Figure 5. DMiro^{S182A,S324A,T325A} or Loss of PINK1 Causes Synaptic Overgrowth and DA Neurodegeneration.

(A) NMJ boutons visualized by anti-HRP at muscle 4 hemisegment A2 of third instar larvae. (B) Quantification of the type Ib bouton number normalized to the muscle size at muscle 4 hemisegment A2 shown in (A), or at muscle 6/7 hemisegment A2. n = 11–16 larvae. (C) The PPL1 clusters of DA neurons visualized by anti-TH in adult brains 15 days after eclosion. (D) Quantification of the number of DA neurons in one PPL1 or PPL2 cluster per brain of adult flies of 15 days after eclosion shown in (C), or of 5 days after eclosion. n = 10–18 brains. Scale bars: (A) 50 μm; (C) 5 μm.

Figure 6. Ser182, Ser324, and Thr325 of DMiro Do Not Mediate Locomotor and Flight Abilities in Larvae and Adult Flies.
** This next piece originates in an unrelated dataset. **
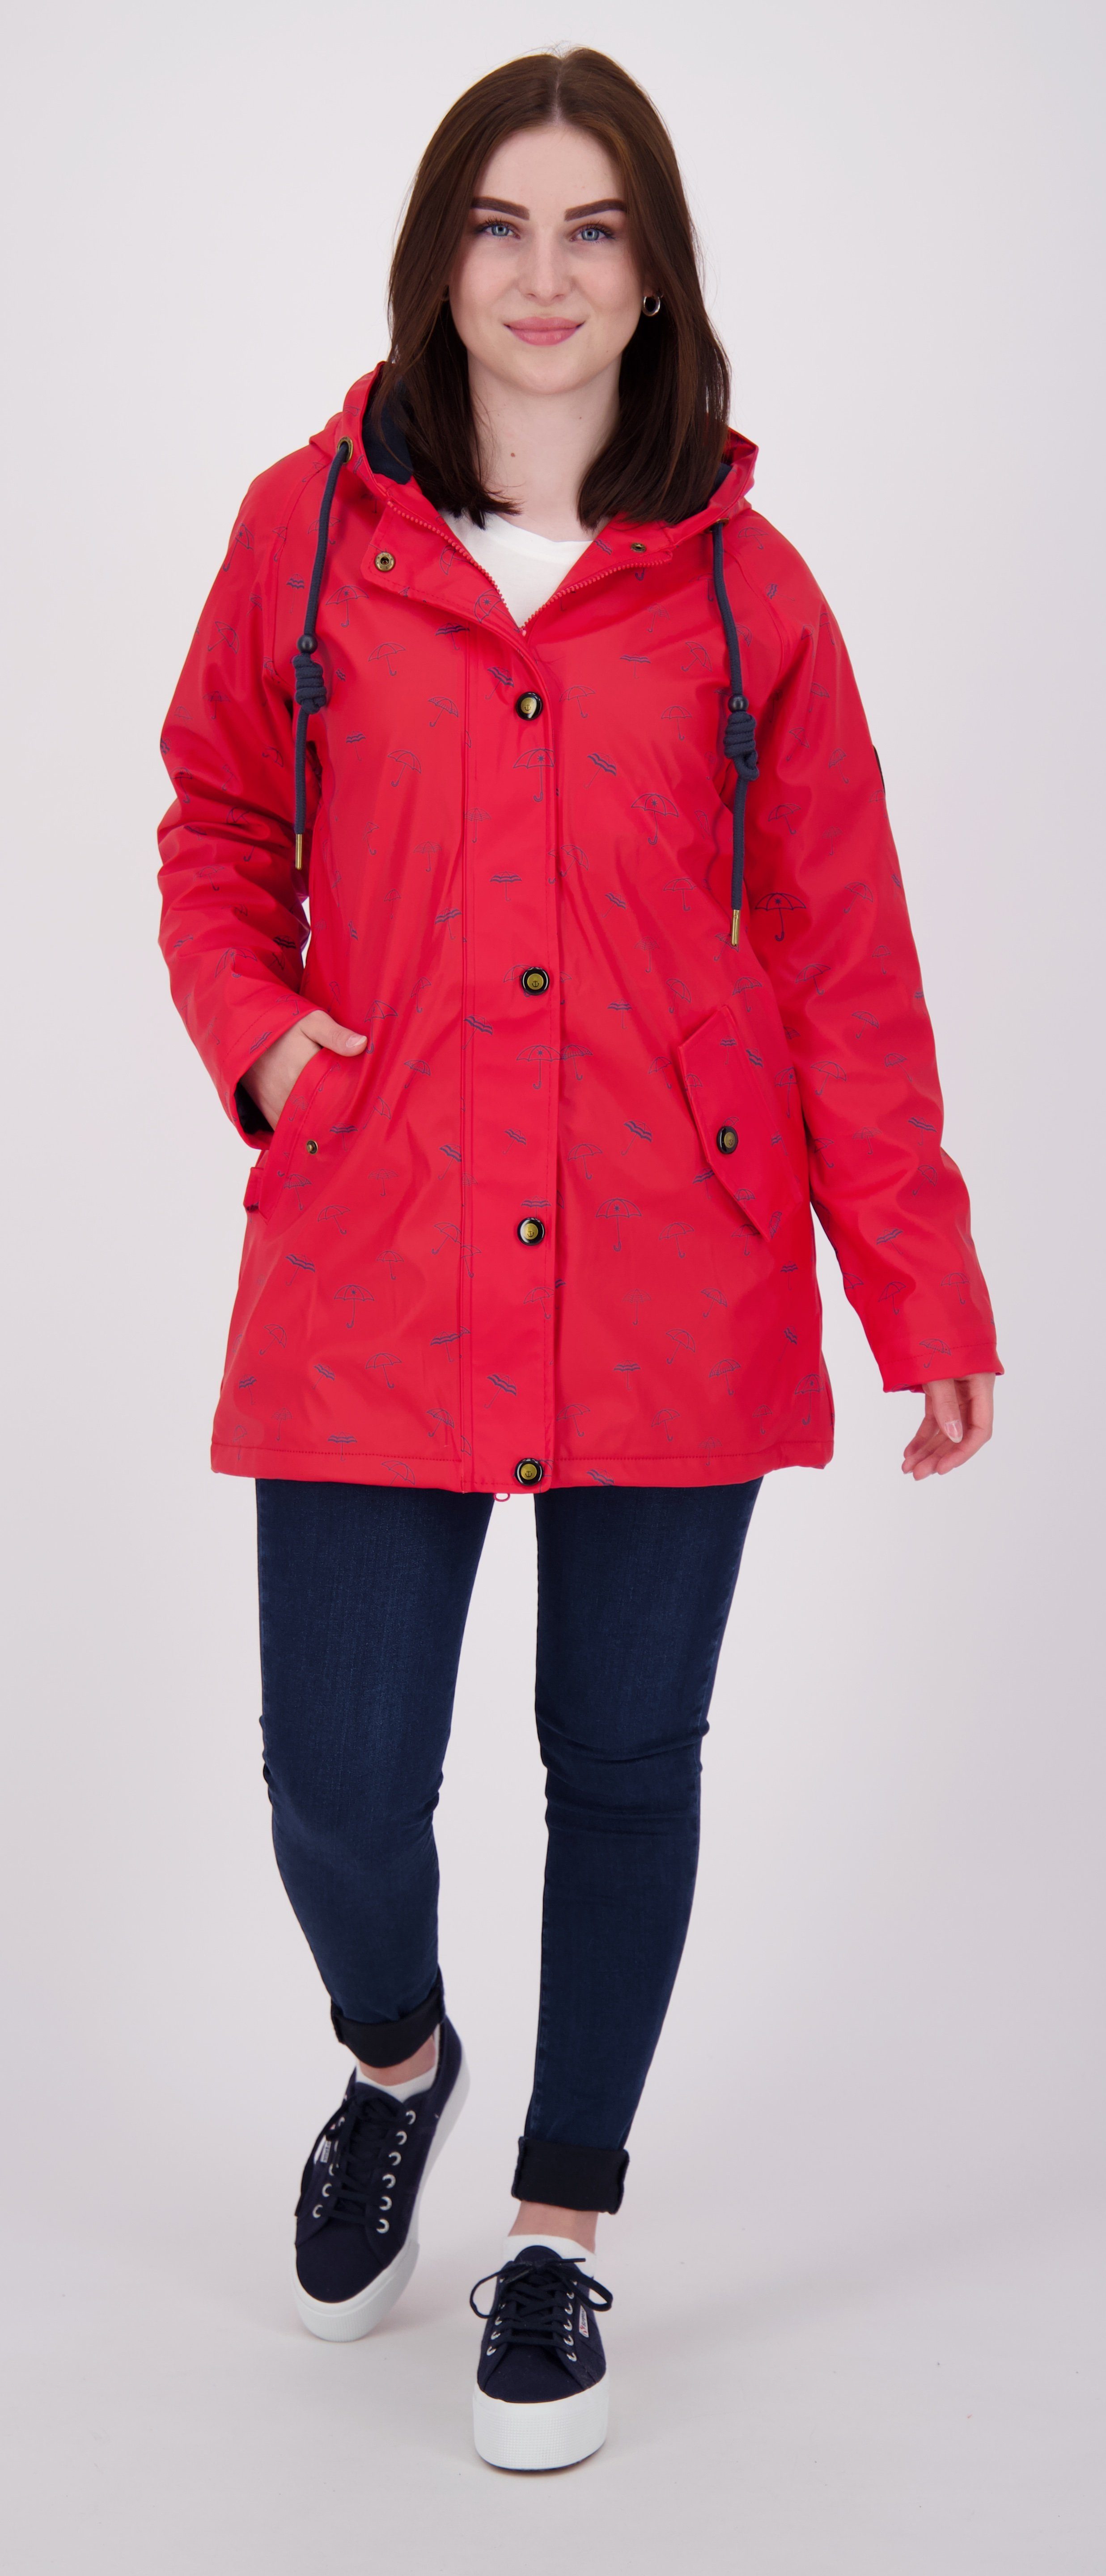 auch #ankerglutmeer DEPROC Regenjacke red in Größen Friesennerz Active erhältlich WOMEN CS Großen

Crawling ability (A), and idling time in 30 sec (B), of third instar larvae with different genotypes were quantified. n = 21–44. Climbing (C), jumping (D), and flying (E) abilities of adult flies 15 days after eclosion were quantified. n = 22–119.

Figure 7. DMiro^{S182A,S324A,T325A} Does Not Cause Muscle Degeneration or Swollen Mitochondria.

(A) Light microscopic images of thick sections show indirect flight muscles, and (B) TEM images of thin sections show mitochondria inside muscle cells, performed on thoraces of adult flies as indicated 5 days after eclosion. (C) Schematic representation of the regulatory mechanisms by which PINK1 and Miro control cellular functions. Blue boxes in Miro indicate GTPase domains and green boxes are EF-hands. Scale bars: (A) 10 μm; (B) 0.5 μm.